== MATERIAL PROVIDED ==
◆ ◆ ◆ ◆ ◆

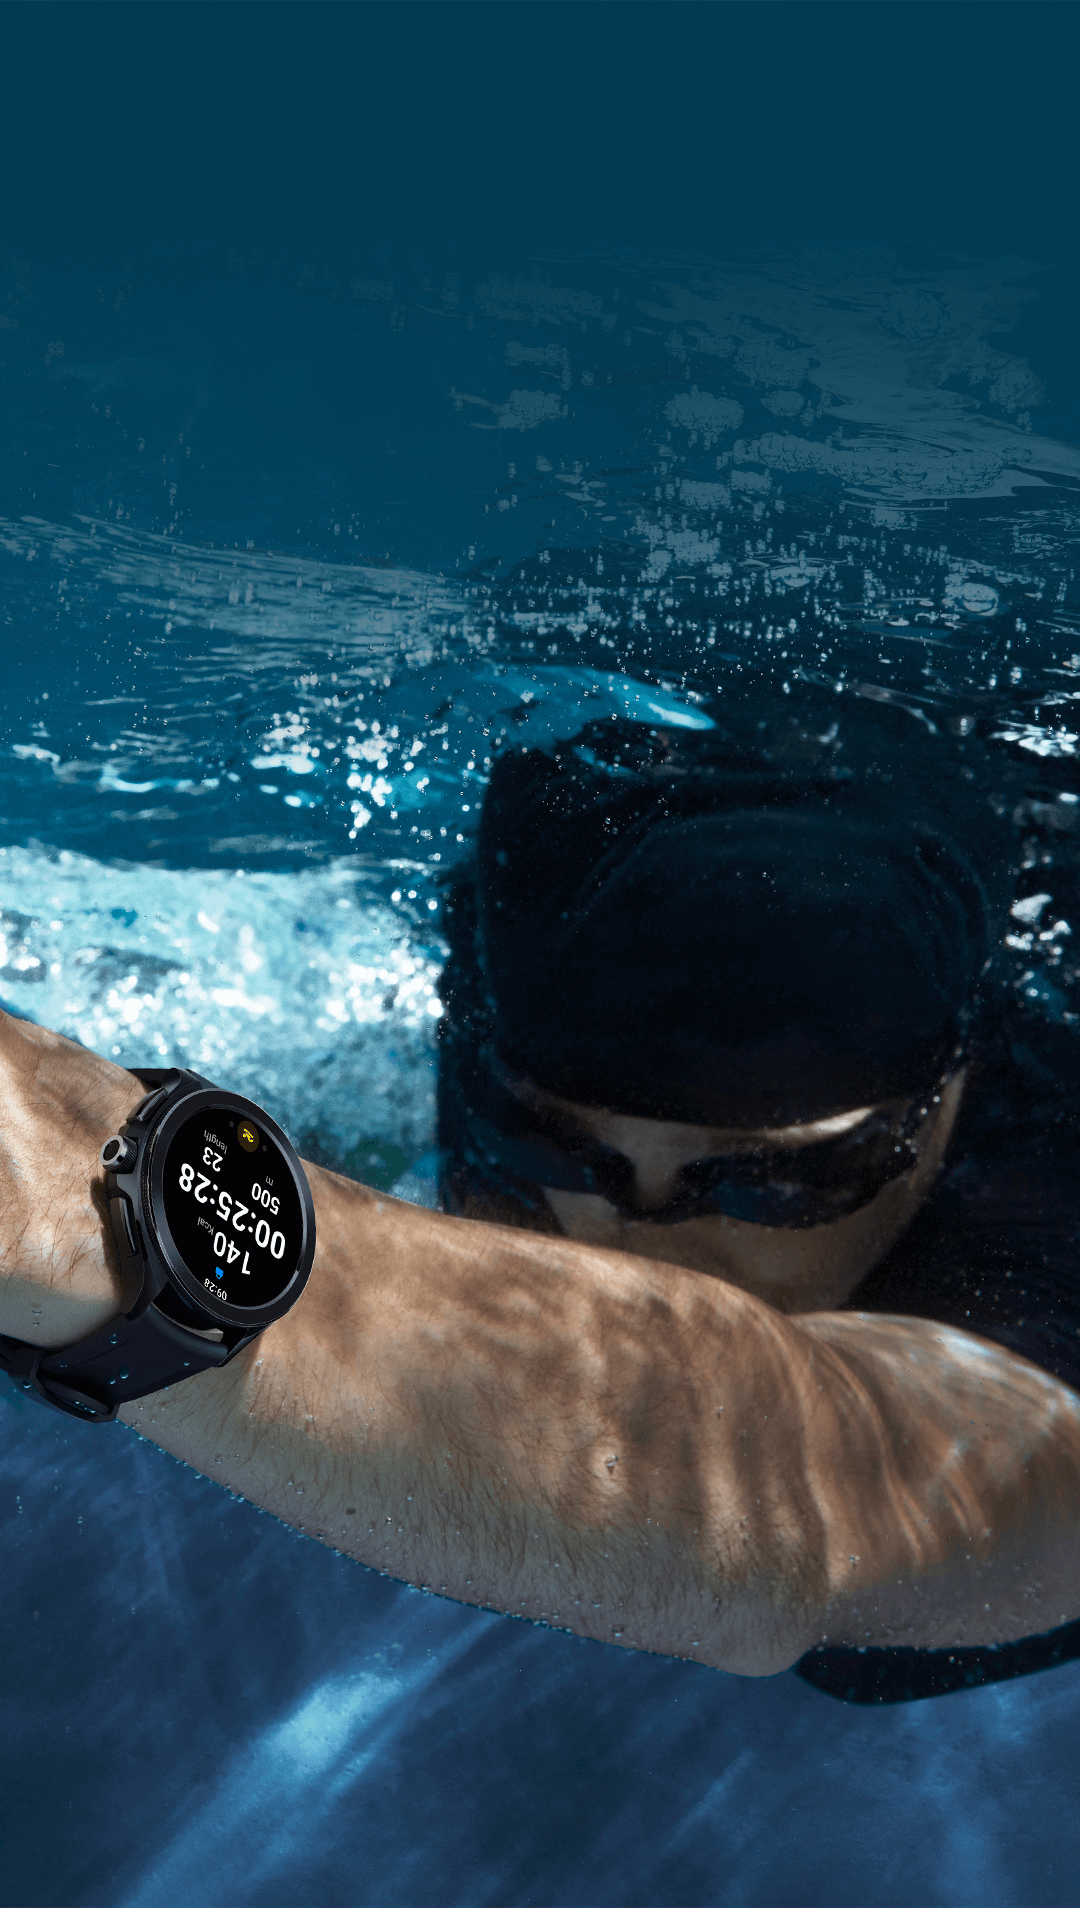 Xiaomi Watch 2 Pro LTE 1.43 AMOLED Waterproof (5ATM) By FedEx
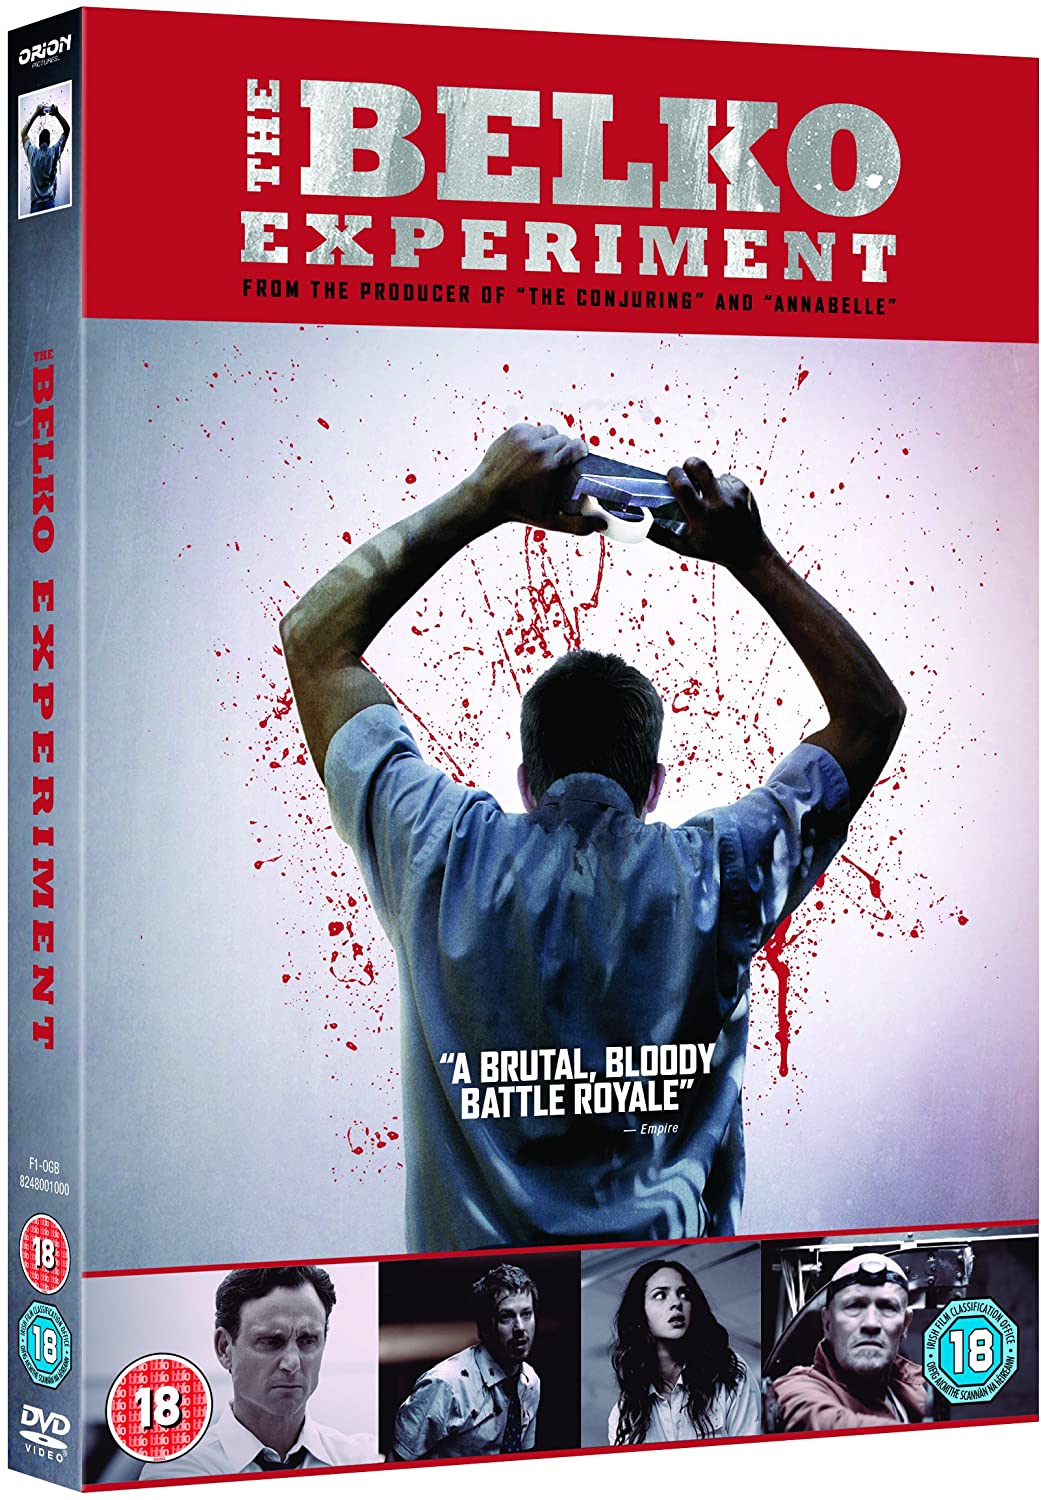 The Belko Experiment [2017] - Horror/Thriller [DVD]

◆ ◆ ◆ ◆ ◆

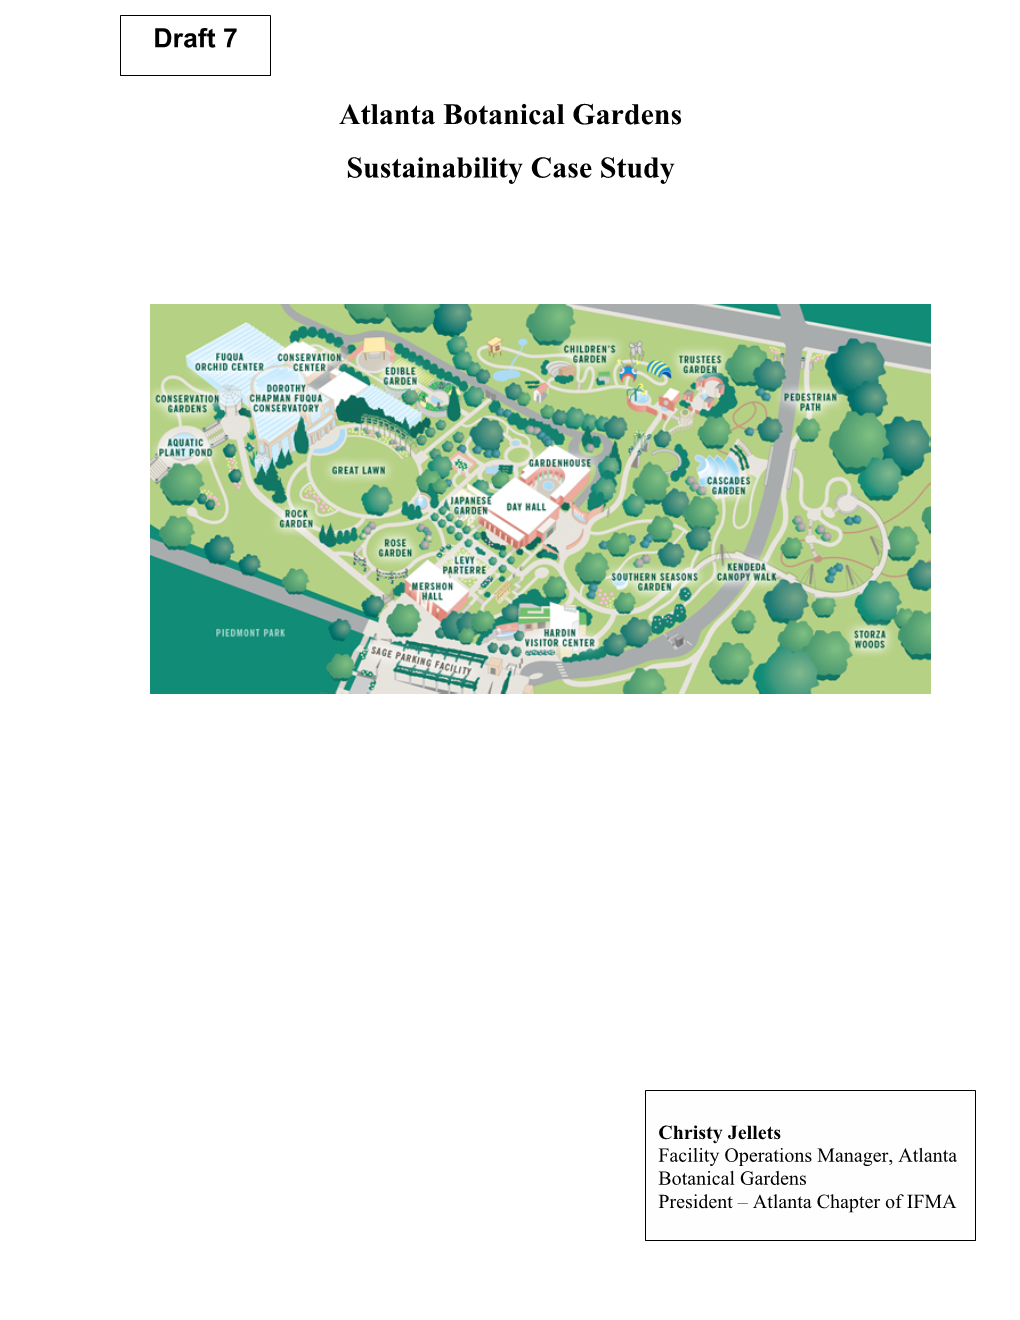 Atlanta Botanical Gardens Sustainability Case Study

◆ ◆ ◆ ◆ ◆

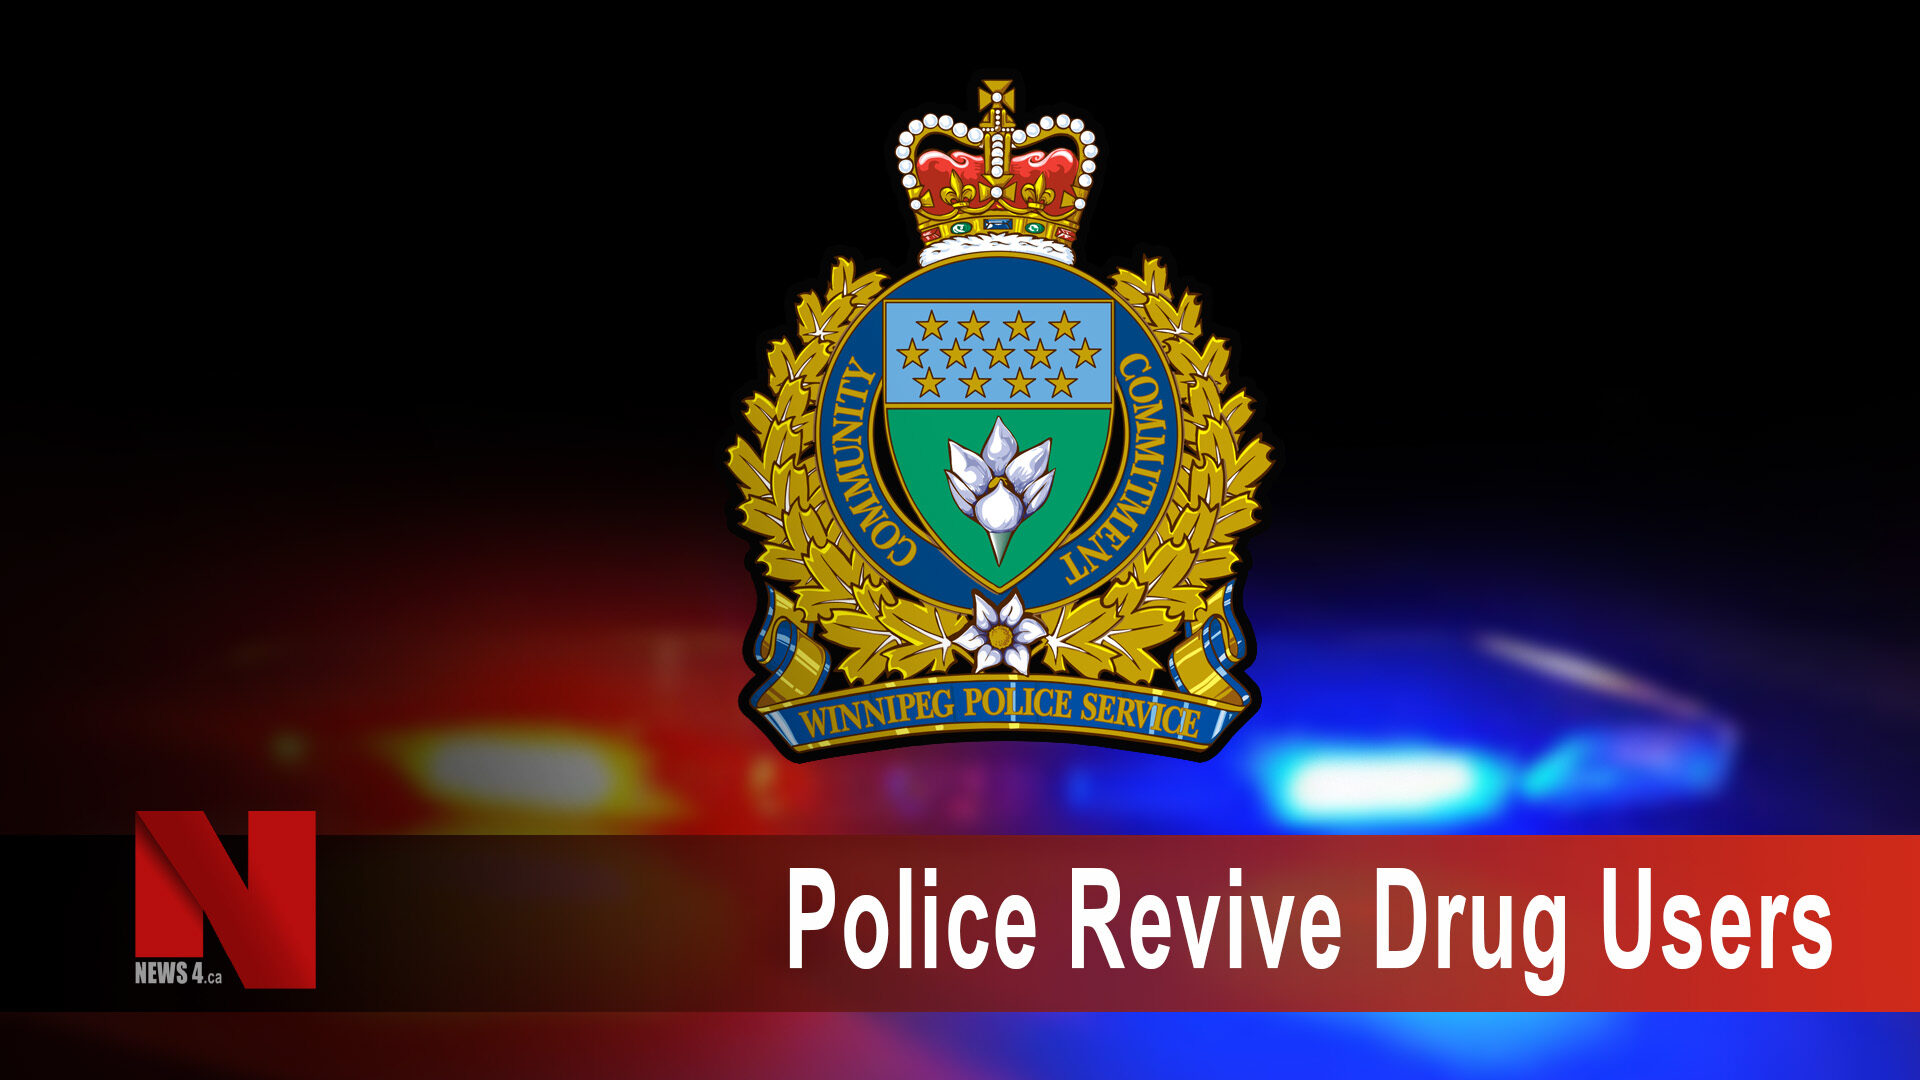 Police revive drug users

◆ ◆ ◆ ◆ ◆

Only one stretch of the data is wanted: write out exactly the lines from the one holding "Xiaomi Watch 2" through the one holding "The Belko Experiment", both included, without the pictures.

 Xiaomi Watch 2 Pro LTE 1.43 AMOLED Waterproof (5ATM) By FedEx
 The Belko Experiment [2017] - Horror/Thriller [DVD]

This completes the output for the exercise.